Dataset section.
━━━━━━━━━━━━━━━━━━━━━━━━━━━━━━

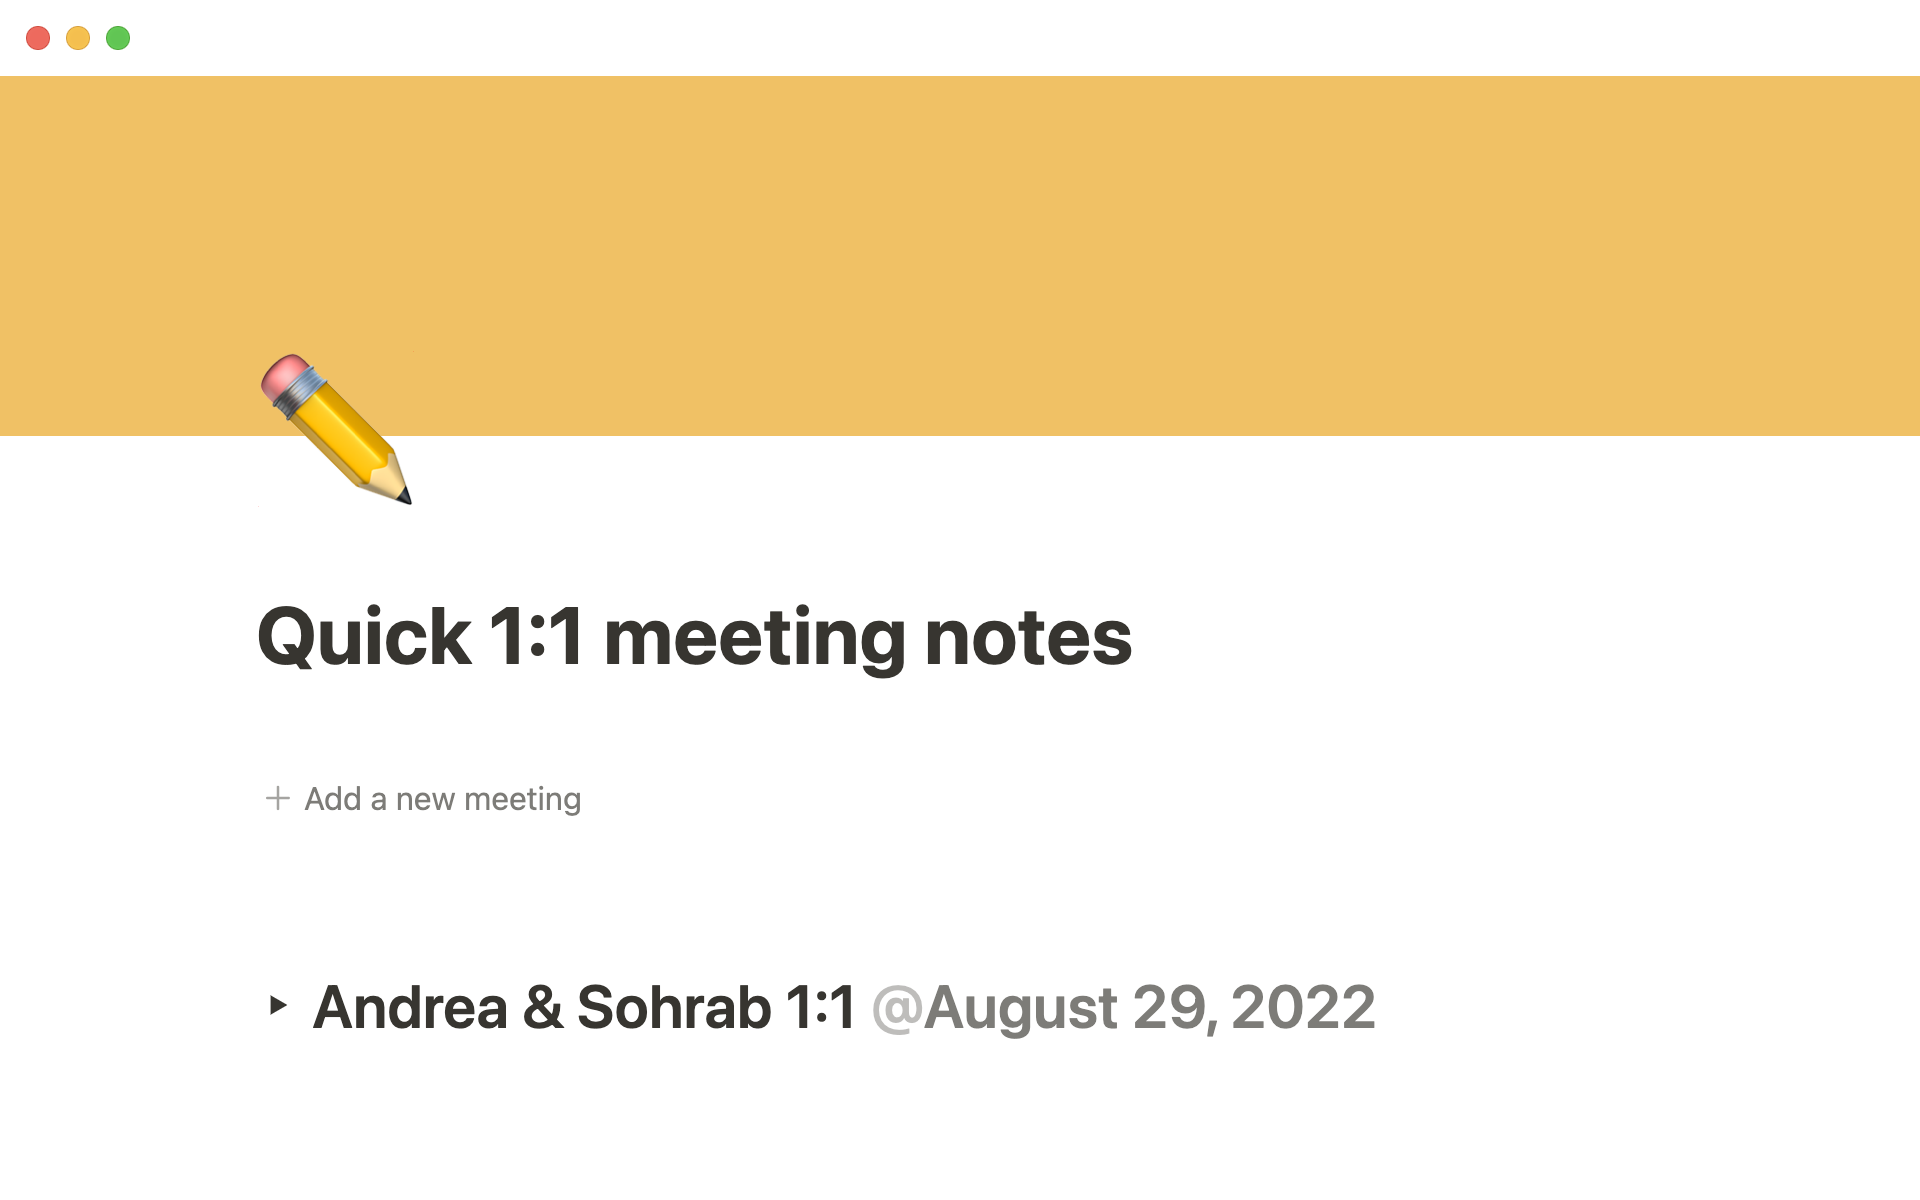 En förhandsgranskning av mallen för Quick 1:1 meeting notes
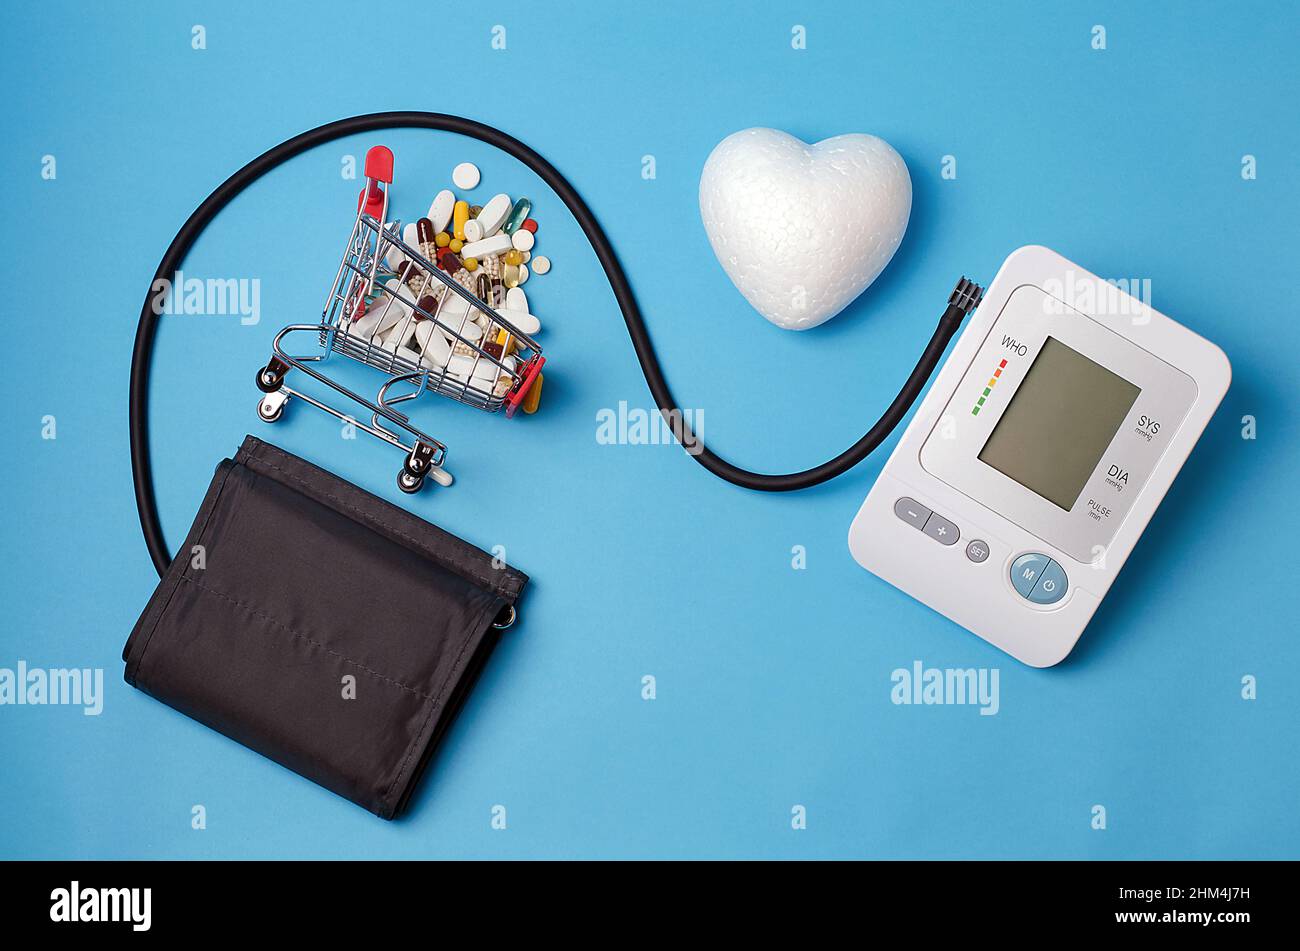 Contro uno sfondo blu luminoso, un monitor della pressione sanguigna, un carrello di supermercato riempito di pillole, un cuore bianco.concetto:farmaci medici per la gente suff Foto Stock
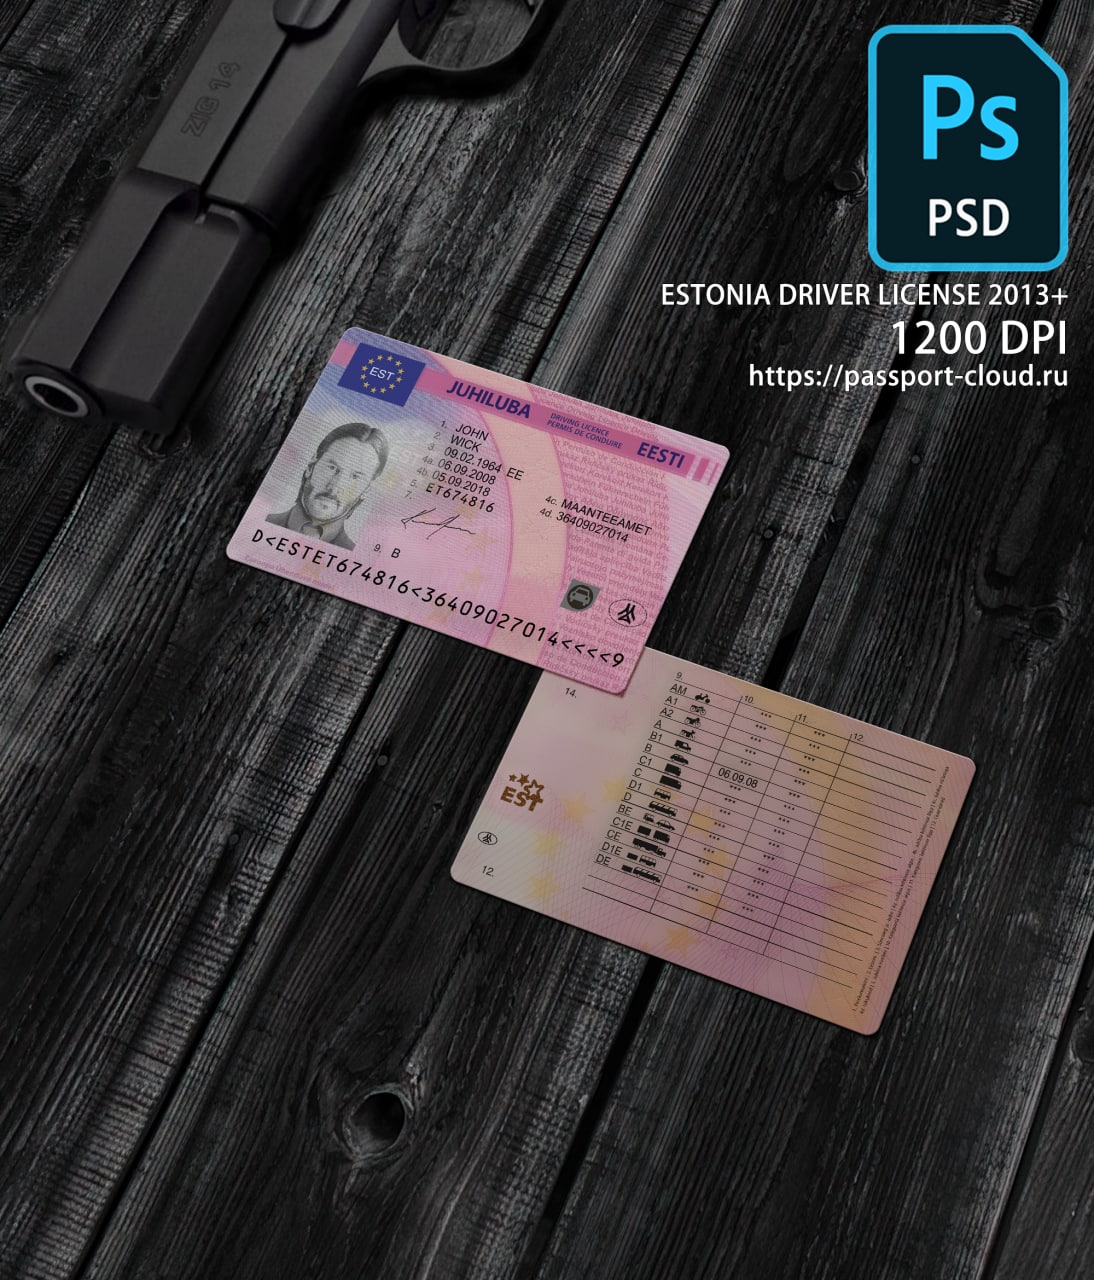 Estonia Driver License 2013+1

━━━━━━━━━━━━━━━━━━━━━━━━━━━━━━

Work order. The preceding listing must be repeated exactly, with all images dropped.

Answer below.
 En förhandsgranskning av mallen för Quick 1:1 meeting notes
 Contro uno sfondo blu luminoso, un monitor della pressione sanguigna, un carrello di supermercato riempito di pillole, un cuore bianco.concetto:farmaci medici per la gente suff Foto Stock
 Estonia Driver License 2013+1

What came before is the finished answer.